Paired sample t-test:
T-statistic: -0.9849155353858514, P-value: 0.332812052295149


In [12]:
### 4. Chi-squared test

### A chi-squared test checks the relationship between categorical variables. Here, we'll create some categorical data.


# Create categorical data
observed = np.array([[10, 20], [20, 30]])
chi2, p_val, dof, expected = stats.chi2_contingency(observed)

print("\nChi-squared test:")
print(f"Chi-squared: {chi2}, P-value: {p_val}")


Chi-squared test:
Chi-squared: 0.128, P-value: 0.7205147871362552


In [13]:
### 5. ANOVA

## ANOVA tests if there are significant differences between the means of three or more independent groups.

# ANOVA
f_stat, p_val = stats.f_oneway(data1, data2, data3, data4)
print("\nANOVA test:")
print(f"F-statistic: {f_stat}, P-value: {p_val}")


ANOVA test:
F-statistic: 28.880768176933508, P-value: 6.597598165696173e-17


In [14]:
### 6. Mann-Whitney U test

## The Mann-Whitney U test is a non-parametric test that checks if two independent samples come from the same distribution.

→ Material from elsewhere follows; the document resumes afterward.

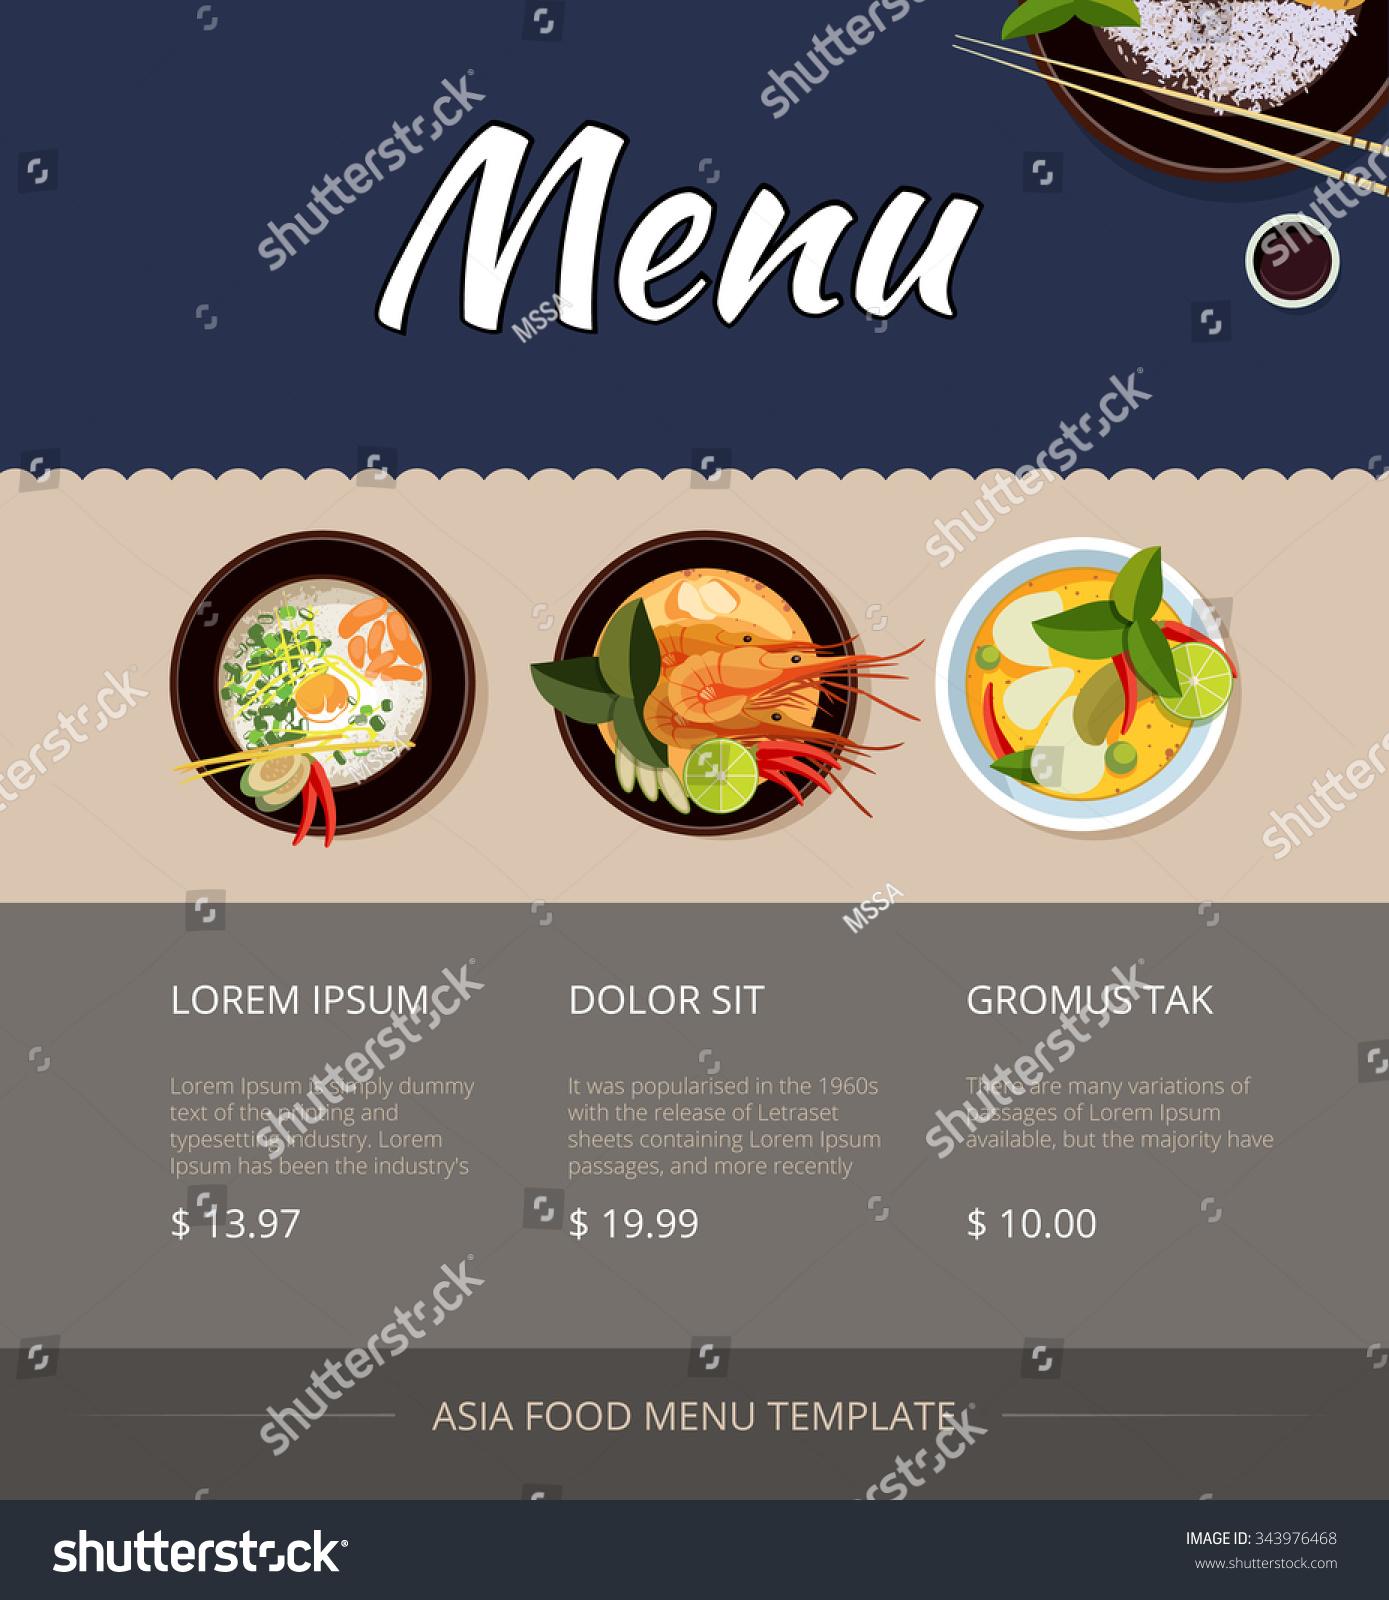 Breakfast Menu Template with blank side hotel menu template – Breakfast Menu Template

u_stat, p_val = stats.mannwhitneyu(data1, data2)
print("\nMann-Whitney U test:")
print(f"U-statistic: {u_stat}, P-value: {p_val}")


Mann-Whitney U test:
U-statistic: 3717.0, P-value: 0.0017264885889391286


### Conclusion

In this example, we covered various hypothesis tests with random data. Each test has its own assumptions and scenarios in which it is appropriate. It's essential to understand the underlying assumptions before choosing a test for your data analysis. You can run this code in your Python environment to see the results.